Sannieshof residents in North West province do not have adequate access to water. Local infrastructure has not been properly maintained for years. There is no proper water and sanitation plan.
Since 2007, quality of water in the area is heavily impacted on by unmanaged raw sewage, amid allegations of inadequate operation of an oxidation pond.
A resident in Pelindaba in North West province said: “There are black elements in the water that comes out of the communal tap and the water is smelly sometimes”.
Sewage into groundwater
Some water services management institutions acknowledged that some sewage seeps underground and affects groundwater in the area.
Pelindaba people get water from communal taps or stand pipes. Pelindaba had three working taps to service 600 households, and water access was worst in early 2012 than ever before, the scientific SA WRC study found.
The system broke down as a result of lack of maintenance by the municipality.

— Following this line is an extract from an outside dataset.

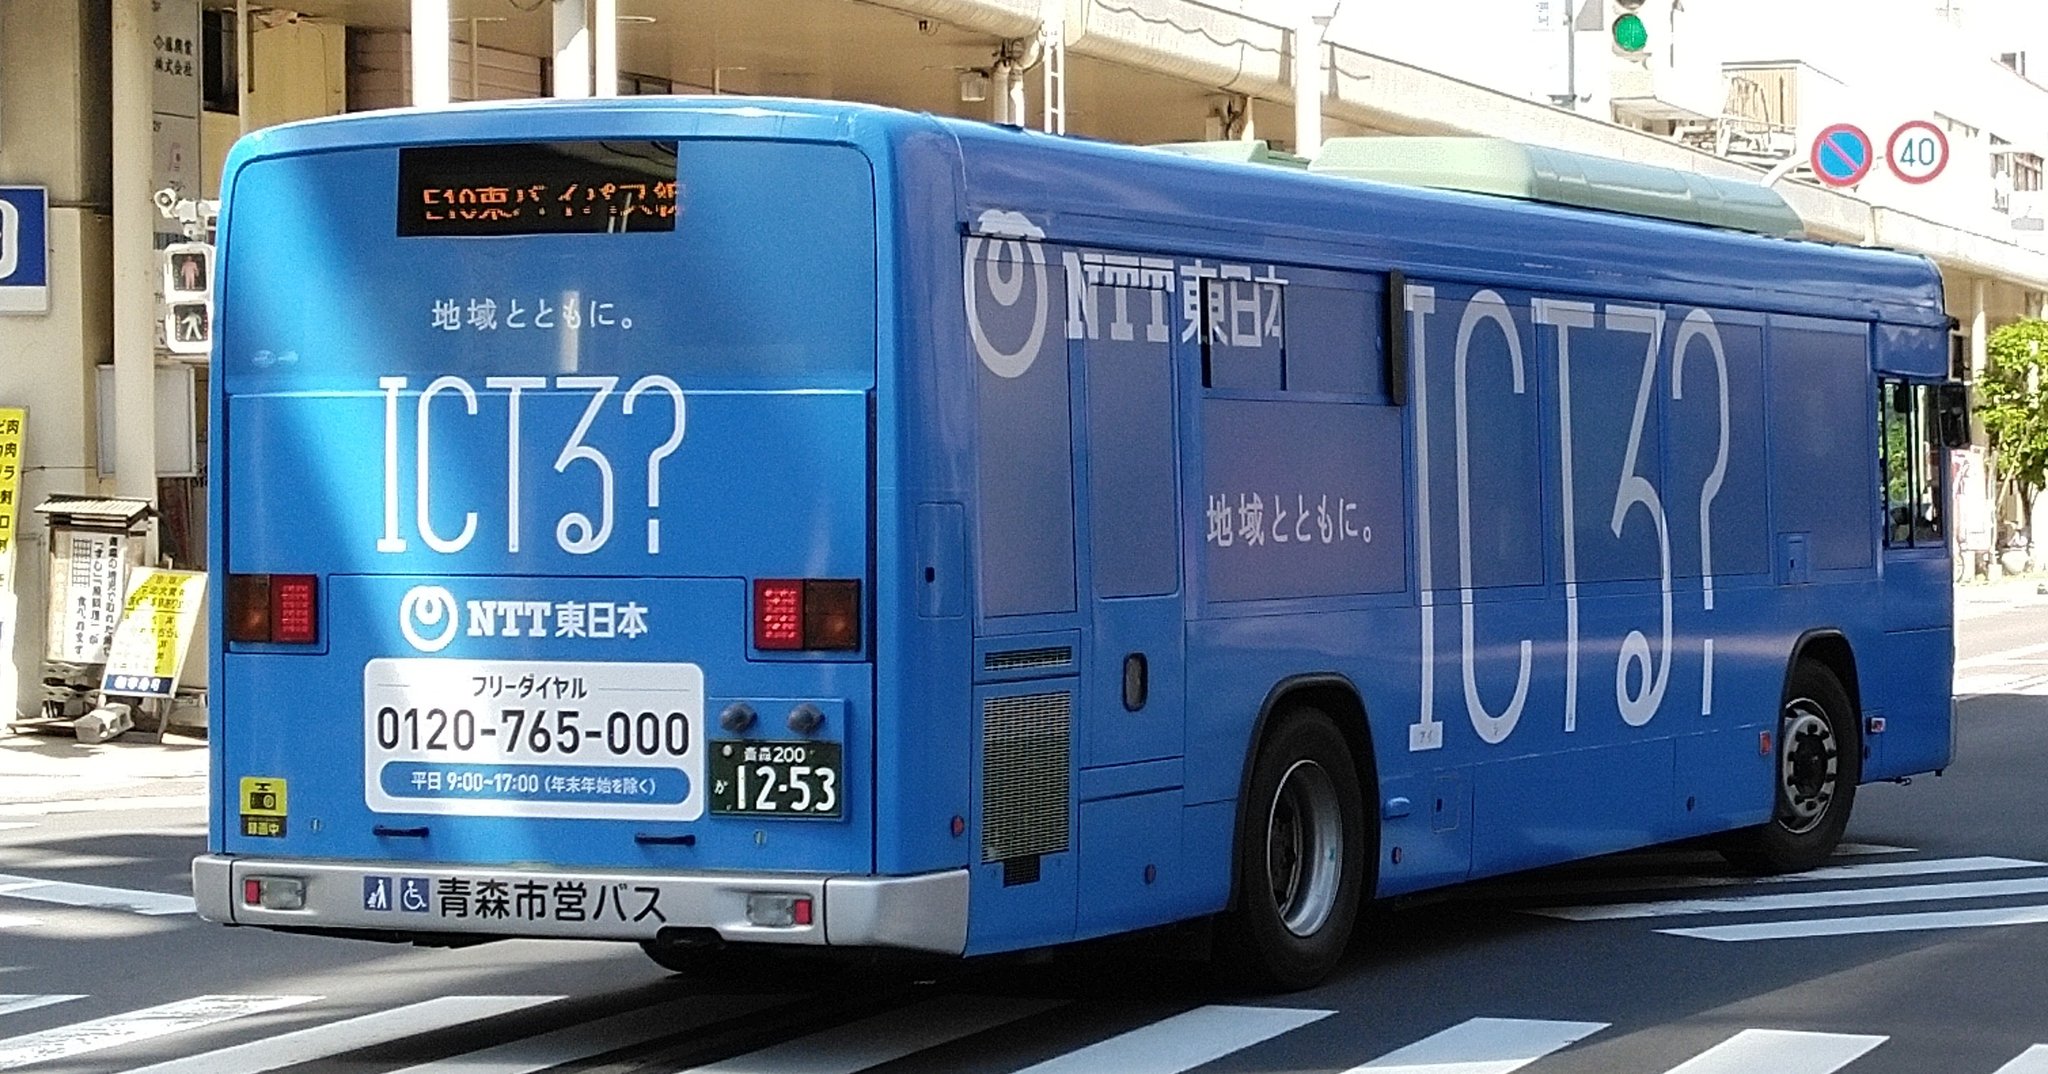 NTT東日本ラッピングバス

Houses tend to have internal or yard taps and toilets as well as electricity, while informal settlements are generally lacking toilets and electricity and rely on communal stand pipes for water.
In Western Cape province there has been fast and extensive growth of Khayelitsha informal settlement since removal of influx control laws in 1986. There have been attempts since democracy in 1994 to provide formal access to water, housing and other services, but rapid growth of population in Khayelitsha outstrips municipal services. Most people use buckets as toilets.
In Muyexe village in Giyani area, Limpopo province, some RDP houses have no water. Women typically fetch water from streams, at great health risk due to livestock and washing water use, or wait at taps or water truck points into the night at safety and security risk from crime and animals.
Civil protest remains unorganised and sporadic, raising state concerns about potential riots. Water supply is more problematic in rural areas, the study found.
Water needs expressed and prioritised by some communities, were not similarly prioritised or funded by municipalities. There were discrepancies between population and water use data at all planning levels and real data at micro levels.
At Cala in Eastern Cape province, respondents cited lack of institutional financial, technical and skilled human resource capacity as key constraints to addressing water scarcity and use.
• WRC Report 1940/1/11 SOCIAL WATER SCARCITY AND WATER USE, by Barbara Nompumelelo Tapela of the African Centre for Water Research (ACWR), is available via Jay Bhagwan, director of Water Use and Waste Management at the SA Water Research Commission, on email@example.com
Prepaid meters and privatisation opposed
The WRC report on water services problems and protest, follows other sporadic public protest against public services privatisation, symbolised by installation of prepaid water and electricity meters in some metro urban areas.
Outsourcing of aspects of water supply, electricity reticulation, billing, parking, road tolling, traffic law enforcement, IT, telephony and health services to tenders, public private partnerships or private suppliers, is seen by some South Africans as signs of a predatory state in service of ruling elites and privilege ‘chartered’ business.
Increasing legislation and onerous regulatory burdens on general business, meanwhile, have met with criticism from business and industrial organisations, who point out that while some legislation is necessary, some legislation merely generates paper work, while poor enforcement raise more risks than deregulation would.
Mining giant Anglo American CE Cynthia Carroll at a major 2012 mining conference, called on the SA government to enforce current legislation more consistently, instead of drafting yet more legislation to shift more social responsibilities to employers.
PHOTO: A water treatment plant component of Erwat in Ekurhuleni metro. While most of South Africa’s water supply infrastructure is adequate, with expansions to the Lesotho Highlands Water Project dams, pumping and piping network being planned, pollution threats to streams, rivers and groundwater are rising due to population pressure and failing sewage infrastructure.